「はあ? お姉ちゃん、何してんのよ……、かなり呆れるよ」



妹の花奈が大きく息を吐いた。
私のベッドの上に座り込み、化粧していた手を止めた花奈は思いきり呆れ顔。



昨日母と一緒に来た花奈は私の部屋に泊まった。友人の結婚式の後、二次会に出席するため遅くなるから泊めてほしいと以前から約束していたから。



ところが花奈が私の部屋に帰ってきたのは日が変わった頃だった。いい感じに酔っ払った花奈は、帰った途端に私のベッドを占領して眠ってしまって。
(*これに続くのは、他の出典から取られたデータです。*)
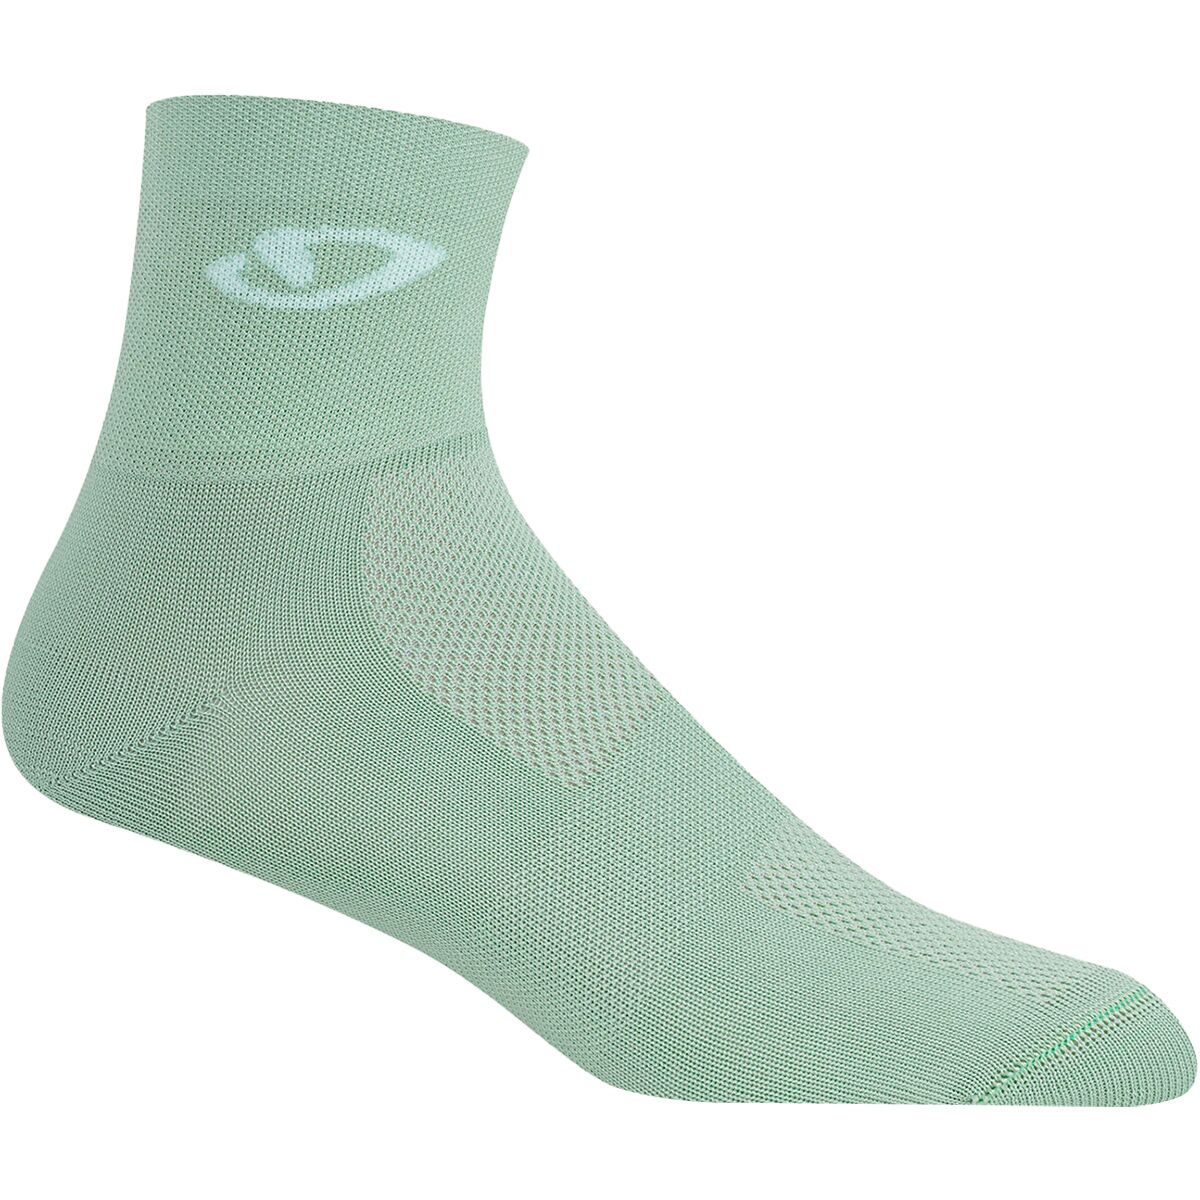 Giro Comp Racer Socks Mineral, XL - Men's

おかげで私は寝ることができず、ずっと考えさせられることに。



あれから川畑さんに車で家まで送ってもらった。もちろん抱き締められてお礼を言われた他には何もないし、特別な感情など持っていない。



だけど、後味が悪くて悩まずにはいられない。



彼氏代行を依頼して昭仁のフリをしてもらって、母に嘘を吐いたこと。嘘を突き通すため川畑さんに縋る彼女を傷つけたこと。
思い出すたびに罪悪感と後悔が浮かんできて、胸が苦しくて堪らなくなる。



彼氏の代行なんて頼むんじゃなかった。



延々と考えた末に行き着いた答えに反省を促されて、妹にすべてを話してしまった。川畑さんにキスしたことと、その結果彼を助けることになったことを除いて。